Help with slow Turing.jl inference speeds for large number of observations

Hi all,

I am new to Turing.jl and bayesian inference in general. I have specified the following model:

@model function switch_model(r, m, n)

    hm ~ Uniform(1, 10)
    am ~ Uniform(0, 10)
    κm ~ Uniform(0, 1)
    Δm ~ Uniform(0, 1)

    z = tzeros(Int, n)

    for i in 1:n
        z[i] ~ Bernoulli(κm)
        if z[i] == 1
            Pm = f(r[i],hm,am)
            m[i] ~ Bernoulli(Pm)
        else
            m[i] ~ Bernoulli(Δm)
        end
    end

end;

The length of r is approx 250k observations. It contains values from 1-8 i.e. r = rand(1:8,250000). The function f is a kind of sigmoid which takes values between zero and one (interpretated as a probability Pm). The observations m is a vector of booleans. I am not normalising values in r and would prefer not to unless necessary so I can use the inferred parameters as they come out of the inference process.

I am aware that this is a large number of observations but I would expect Turing to be quite quick given that it is a simple model with a low number of parameters. In general I am unsure what solver to use - I have tried NUTs using

model = switch_model(r, m, n);
chn = sample(model, NUTS(), 1000)

This is very slow - in fact I think it breaks my kernel most of the time. I thought this was likely because of the intermediate z[i] in the logic which is been tracked by the solver. I therefore tried to rewrite the model:

@model function switch_experiment_mm(r, m, n)

    hm ~ Uniform(1, 10)
    am ~ Uniform(0, 10)
    κm ~ Uniform(0, 1)
    Δm ~ Uniform(0, 1)

    for i in 1:n
        Pm = f(r[i],hm,am)
        m[i] ~ MixtureModel(Bernoulli[
                            Bernoulli(Pm),
                            Bernoulli(Δm)], [κm, 1-κm])
    end

end;

As I think my logic is equivalent to some sort of mixture model. However this also doesn’t work and seems to break the kernel again.
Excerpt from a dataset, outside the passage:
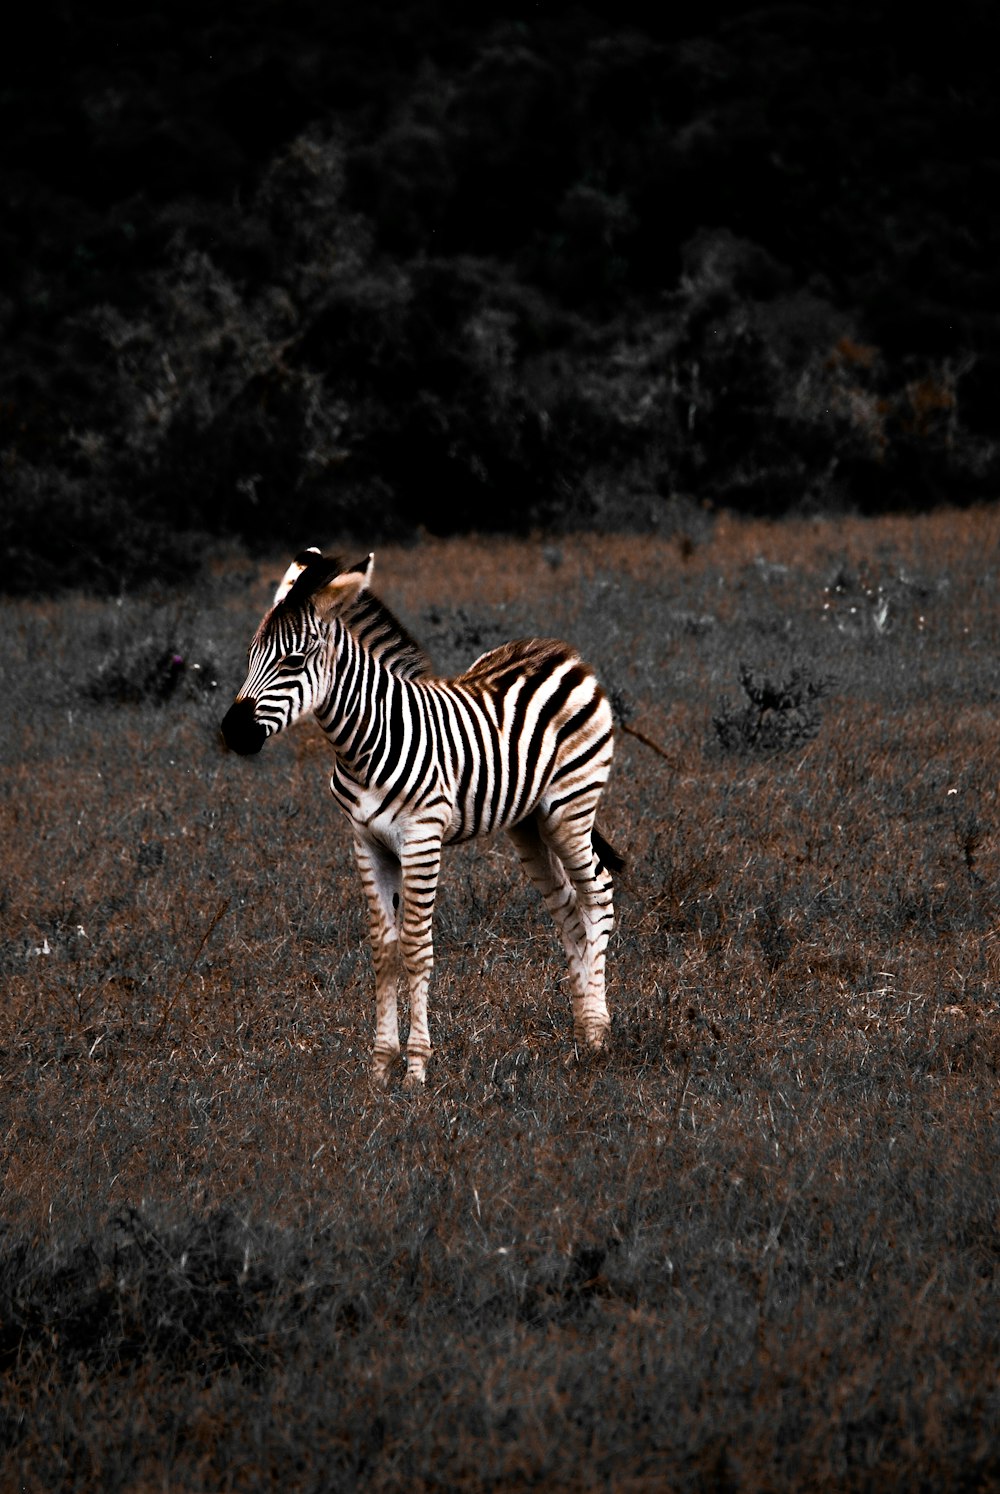 zebra walking on brown grass field during daytime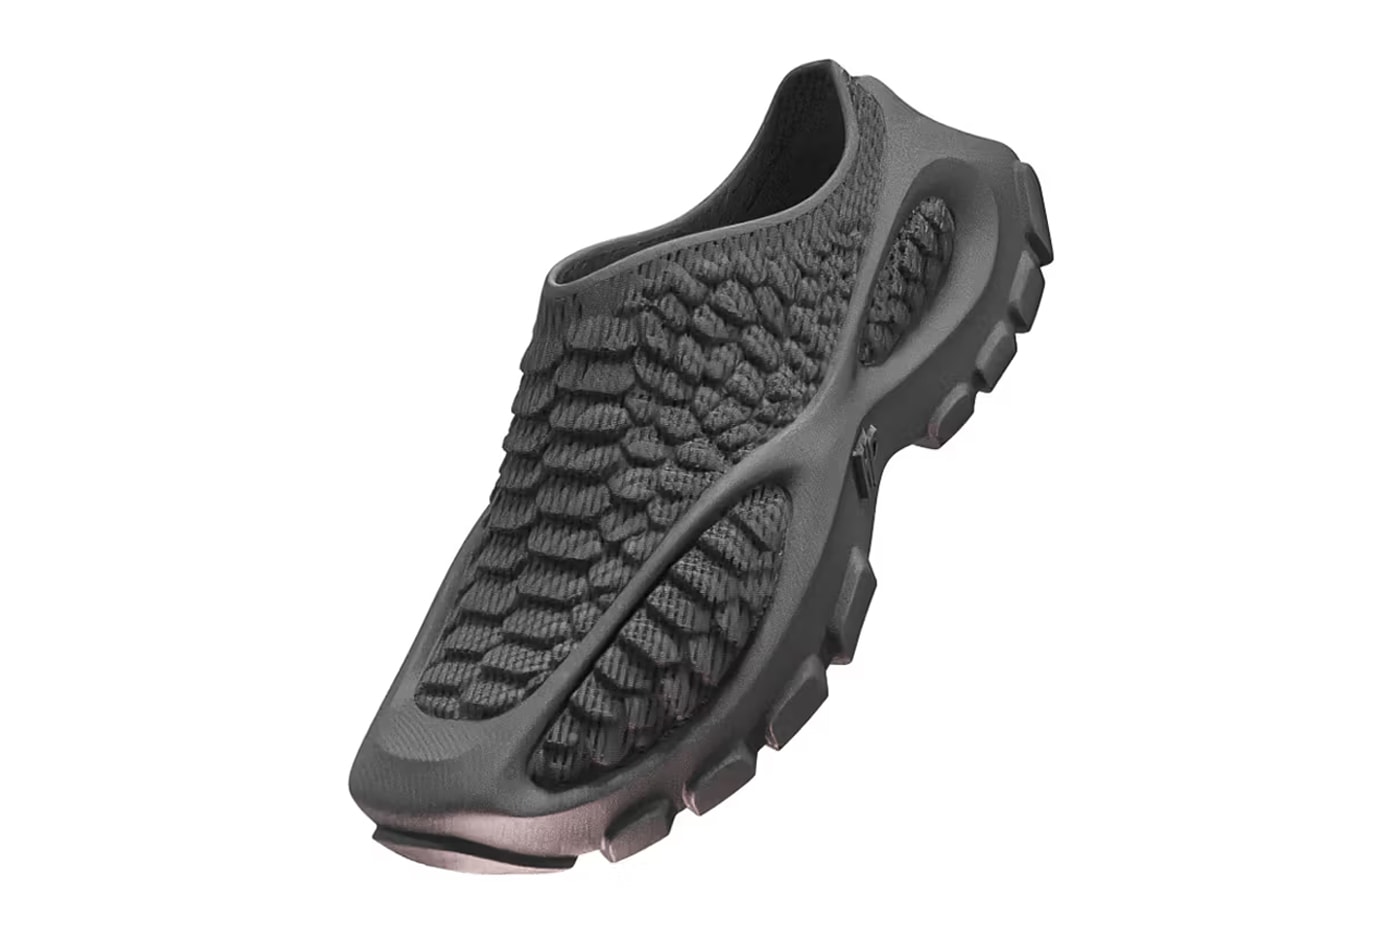 Heron Preston and Zellerfeld Return With 3D-Printed HERON01 Shoe in "Black"

Am I doing something fundamentally wrong or is this just a case of large number of observations = slow?

I remember having to use Turing.@addlogprob! in the past to speed up large models. It basically allows setting the log-prob directly instead of defining hundreds or thousands of variables. Search this forum to find examples of usage.

If I am not mistaken, this is true for NUTS. I don’t think it handles mixtures well, unless you marginalize explicitly. I think MixtureModel should help, but there might be other problems. Have you tried a parameter recovery with a small set of data generated from your model? That might help you identify whether the problem is in your implementation or a scaling issue.

It’s weird that your code even worked. NUTS does not work with discrete variables.

Your rewritten model is more sensible but will indeed experience speed issues. It’s better to vectorize everything. Turing is essentially a thin wrapper around Julia, so anything that would speed up Julia will also work for Turing. Also, try with different AD backends. That makes a big difference.